Howard v. Poseidon Pools, Inc., N-R
Decision Date | 10 November 1987 |
Docket Number | No. 1,N-R,1 |
Citation | 134 A.D.2d 926,522 N.Y.S.2d 388 |
Court | New York Supreme Court — Appellate Division |
Parties | Brent HOWARD and Pamela Howard, Respondents, v. POSEIDON POOLS, INC., et al., Defendants, and S & V Pools, Inc., Trading as Poseidon Pools, Inc., and Recreational Distributor Warehouse, Inc., George Tassone, National Spa and Pool Institute, Home-oam Leisures, Inc., Appellants. Appeal |
Chamberlain, D'Amanda, Oppenheimer & Greenfield by Thomas Collins, Rochester, for appellants S & V Pool, Inc., and George Tassone.
Dixon & DiMarie, P.C. by Joseph DiMarie, Buffalo, for appellant Recreational Distributor Warehouse, Inc.
Damon & Morey by Anthony Colucci, Buffalo, for appellant Nat. Spa & Pool Industries.

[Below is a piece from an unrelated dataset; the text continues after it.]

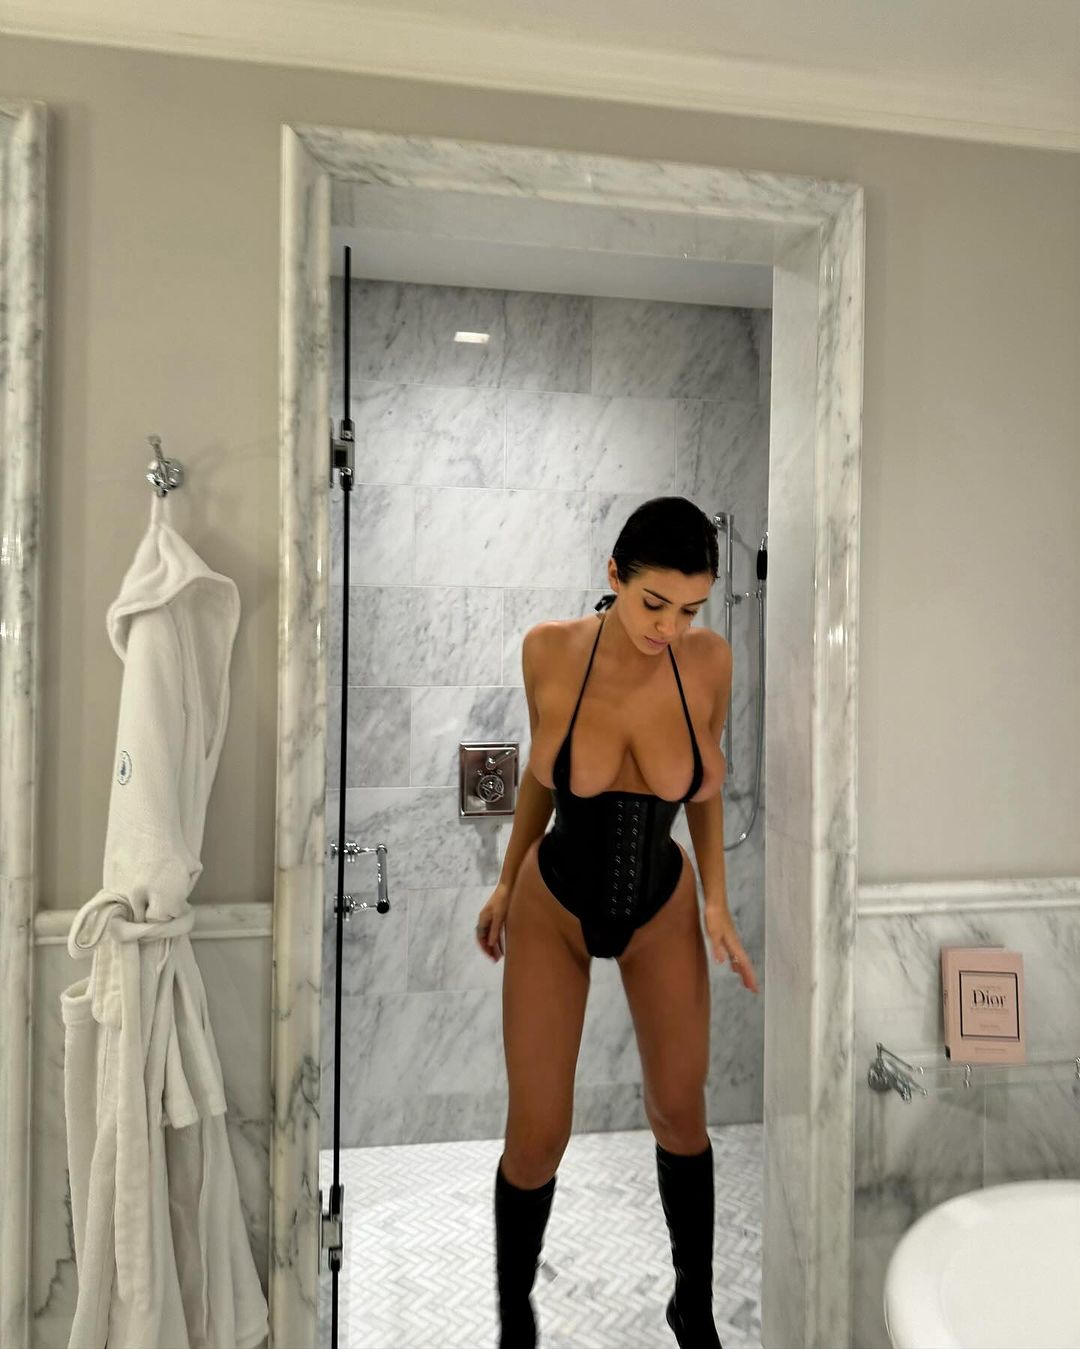 Photos n°2 : Ye Declares “No Pants This Year” As He Shares Revealing Snaps of His Wife Bianca!
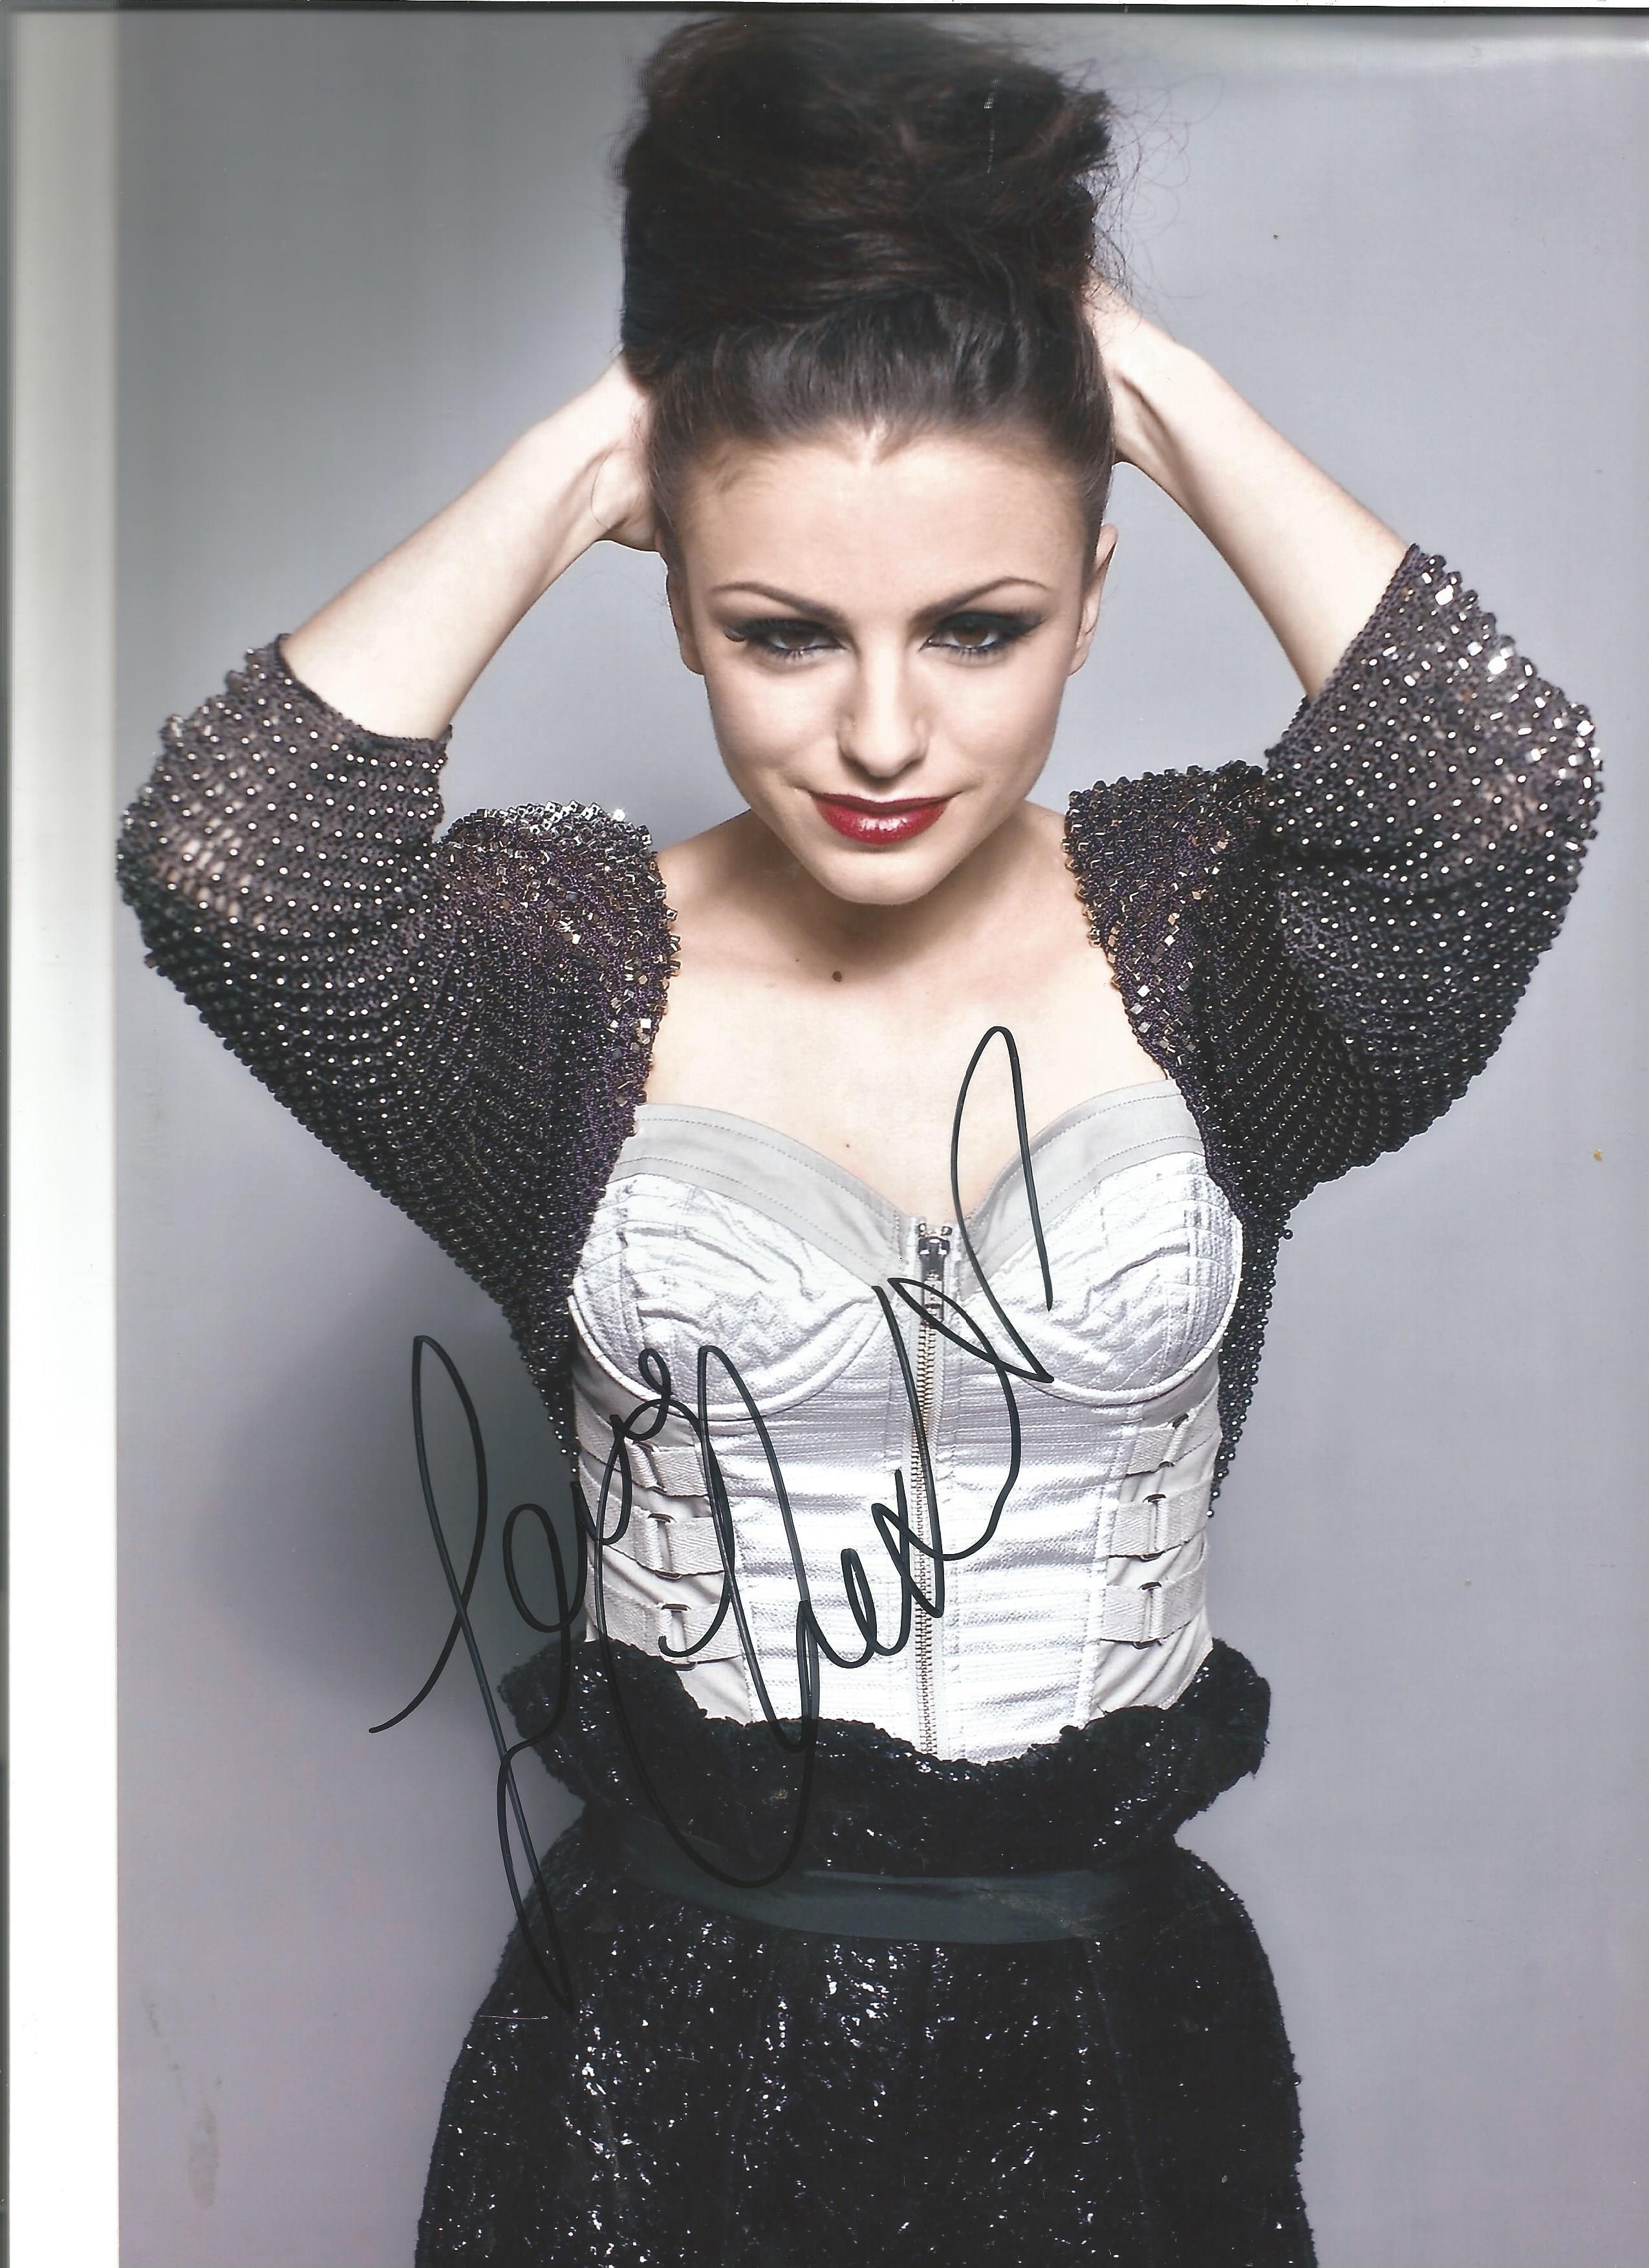 Music Cher Lloyd 12x8 signed colour photo. Cher Lloyd is an English singer, songwriter, and model.

Cohen & Lombardo, P.C. by William Coplon, Buffalo, for appellant Home-N-Roam Leisures, Inc.
Dwyer & Dwyer, P.C. by Joseph Dwyer, Olean, for respondents.
Before CALLAHAN, J.P., and DENMAN, BOOMER, GREEN and BALIO, JJ.
Plaintiff, who was 28 years old, 6-feet, 3-inches tall and an experienced swimmer familiar with this above-ground pool, sustained serious injuries when he dove through an inner tube that had been placed some eight feet from the deck. He had been swimming in the pool for several hours before the accident, knew the water was only four feet deep, and testified at an examination before trial that he was aware of the dangers of injury that might result from diving into shallow water. This action was commenced on several theories of liability, claiming that the defendants failed to give adequate warning of the dangers of diving into a four-foot pool.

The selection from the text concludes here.